In this experiment, we evaluate the behaviors of the proposed algorithm and the performance of the learned classifiers in the classification task of MNIST. The default settings for the TN model are as follows: The original 28 × 28 images were downsampled to 7 × 7 images for the comparison, and the pixel values were normalized to the range [0,1]. The images were vectorized as 49-dimensional vectors x ∈ [0, 1]⁴⁹, and these are inputs into the TN models. The local mapping was based on Equation 4. Let the maximum TT-rank be R and use this as a hyperparameter of the TN model. We compared different optimization algorithms for learning the TN model as shown in Table 1. The learning rates for the descent of the gradient were μ = 10⁻⁴. The tradeoff parameters of the Tikhonov regularization were ϵ = 10⁻⁵.

Table 1

Table 1. Compared algorithms.

5.1 Optimization behavior

Figure 8 shows the comparison of the optimization behaviors for various learning algorithms for the binary classification of MNIST of even and odd numbers.

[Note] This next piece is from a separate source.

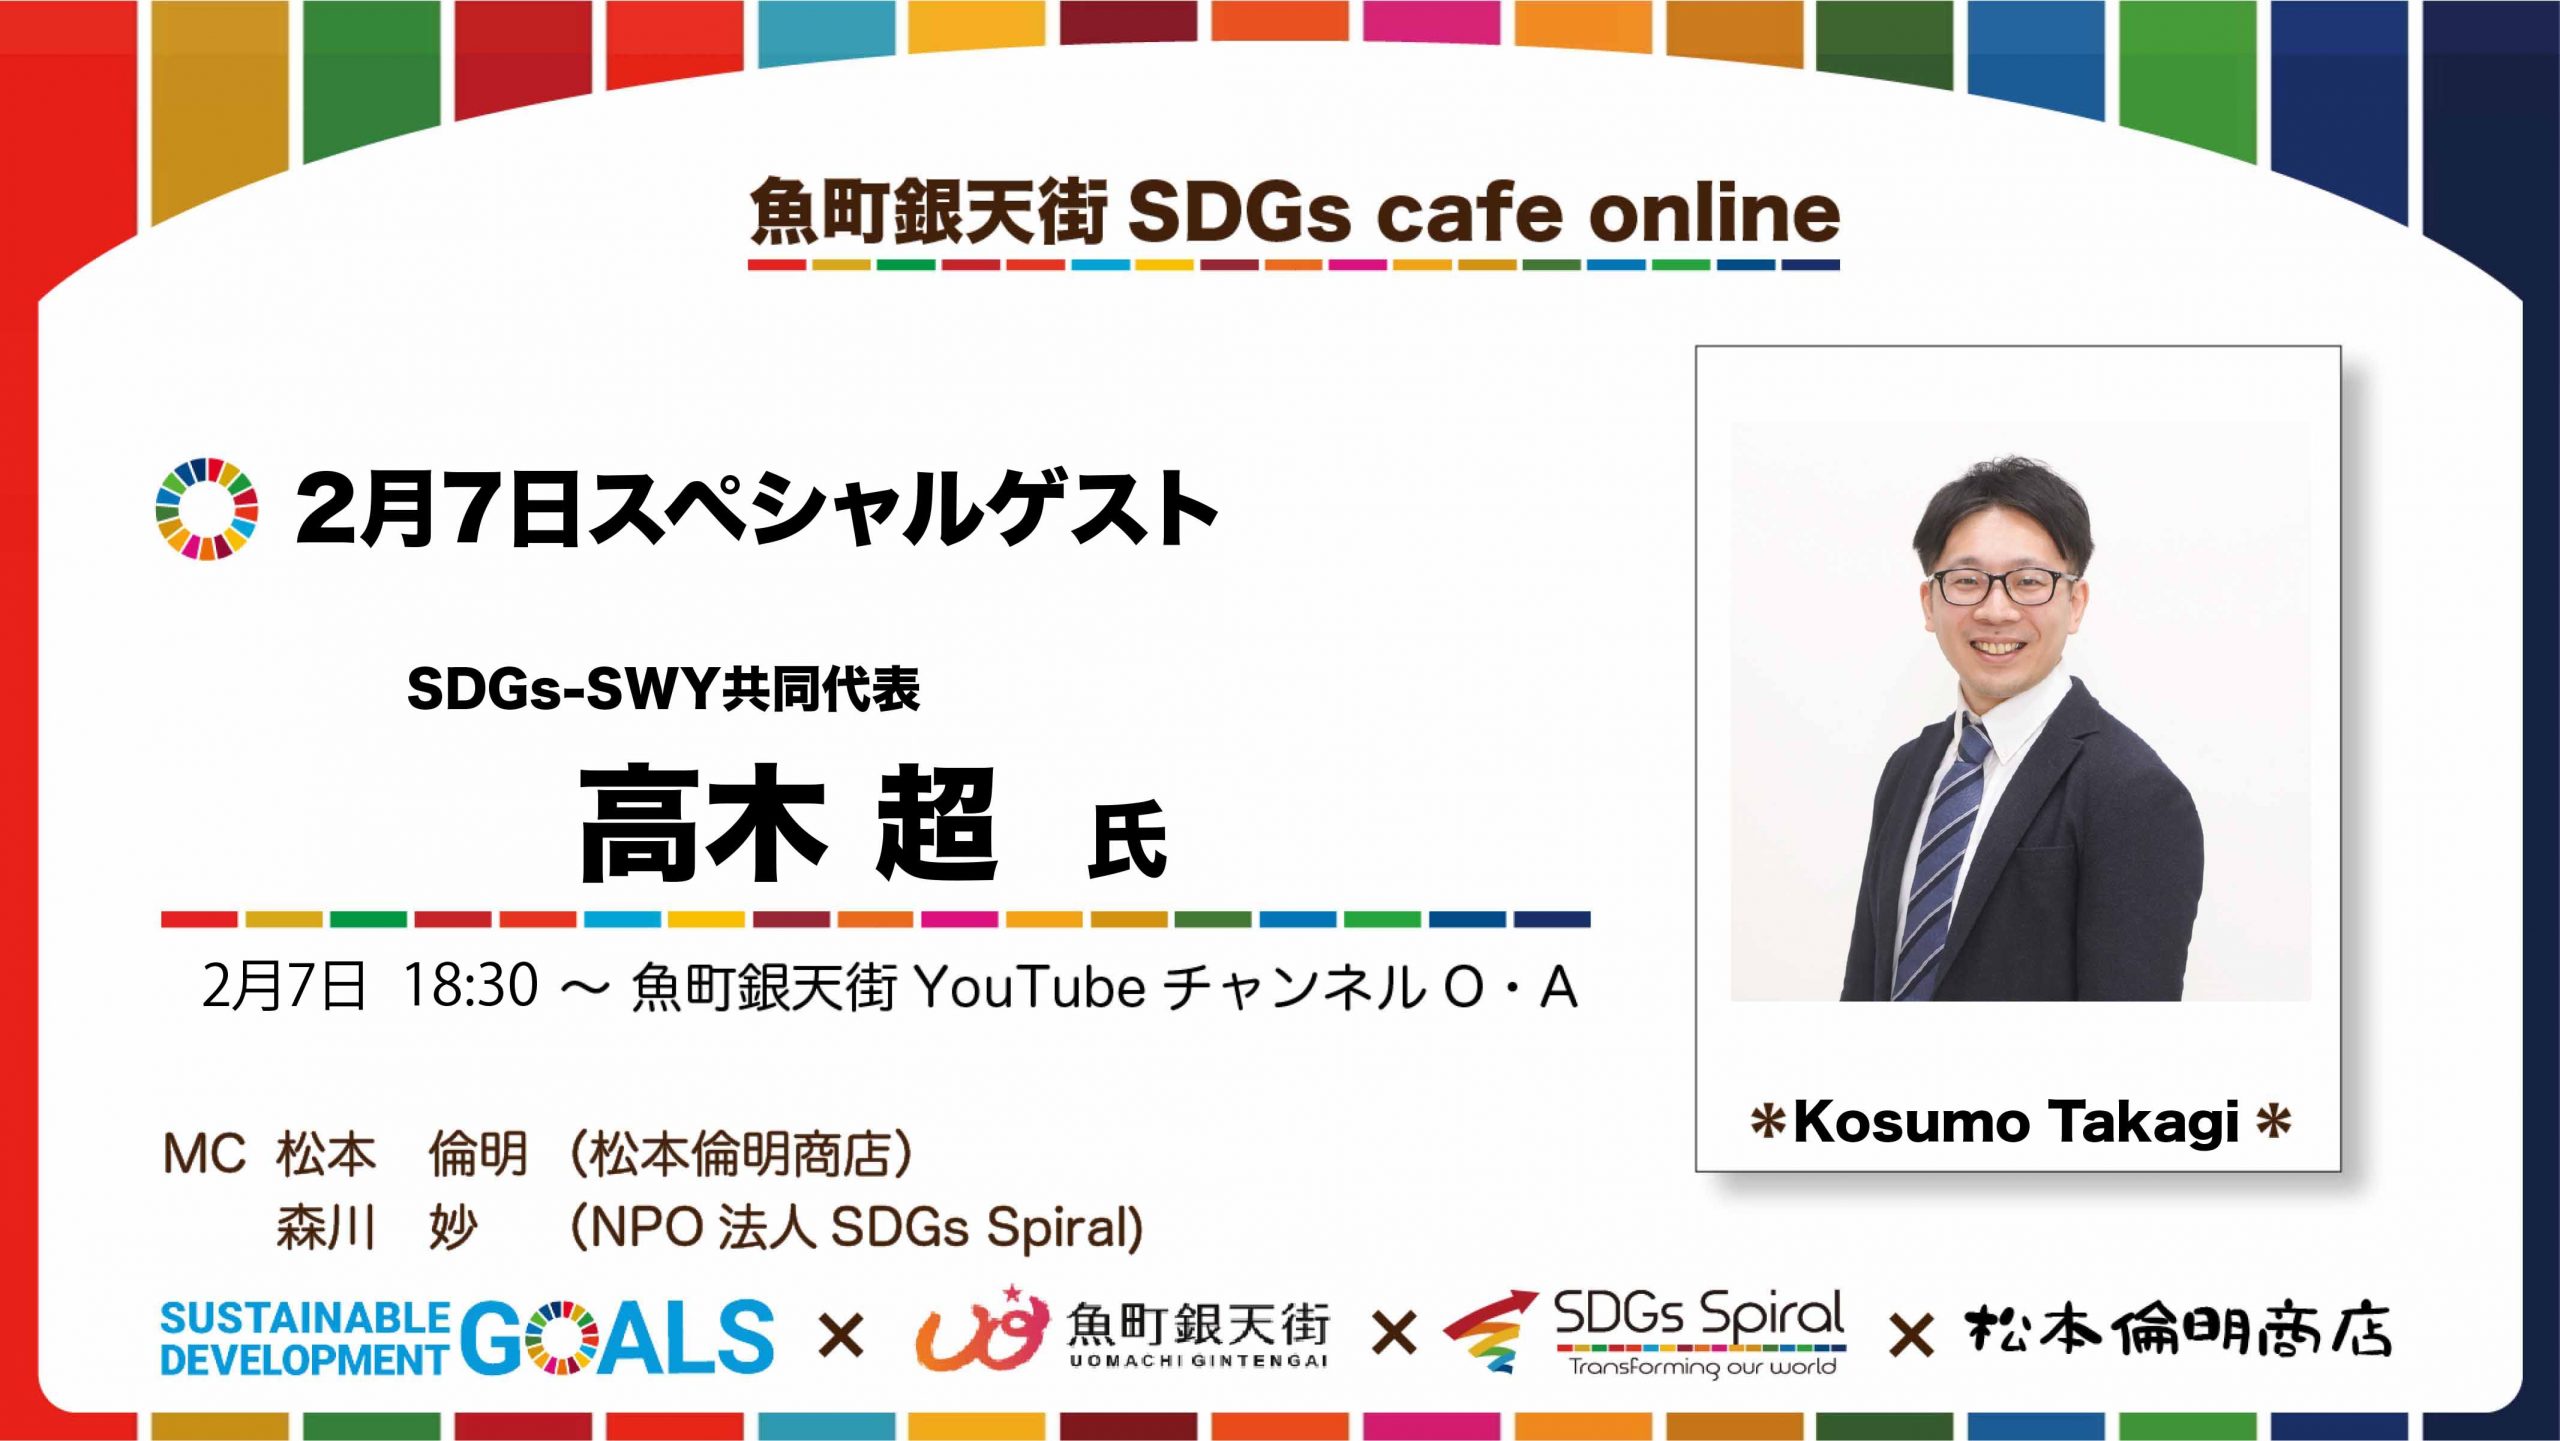 魚町銀天街SDGs cafe live talk DAY5 歌川たいじさん
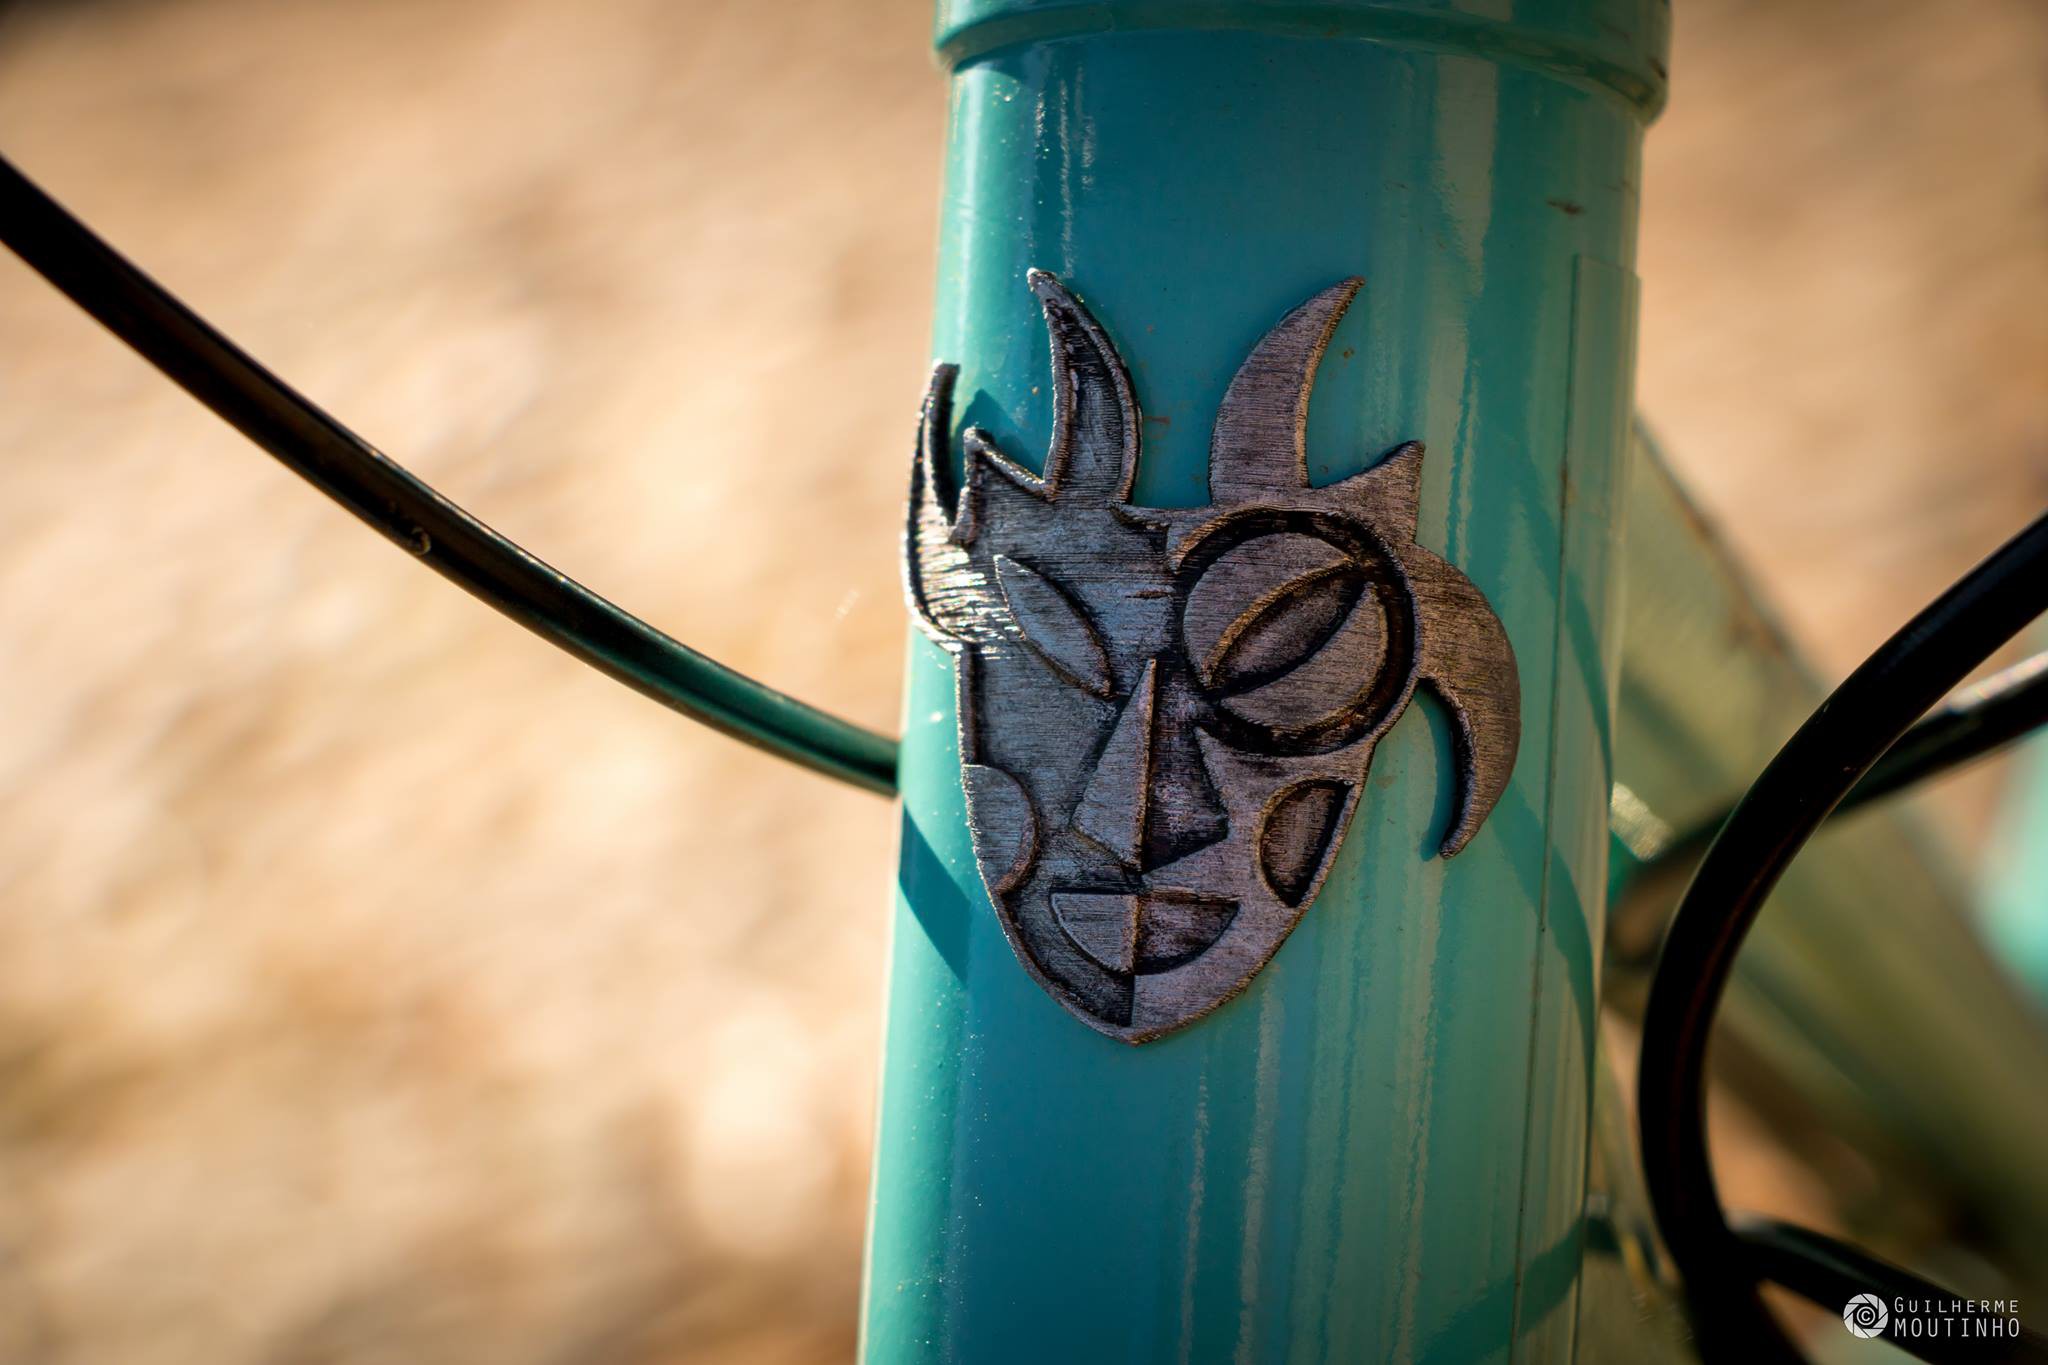 Nordest Cycles, a marca de bicicletas sem manutenção

TT-rank is fixed as R = 8 for all algorithms, and the truncated SVD truncates with $\hat{R} = 8$ without adaptive rank determination. For the gradient descent, the learning rates were carefully tuned for better convergence. For reference, the results for two different learning rates are shown in Figure 8. 50 sweep results are shown for gradient-based methods, and 10 sweep results are shown for ALS-based methods.

Figure 8

Figure 8. Optimization behaviors of various algorithms for learning TN models. Fifty sweep results are shown for gradient-based methods, and 10 sweep results are shown for ALS-based methods.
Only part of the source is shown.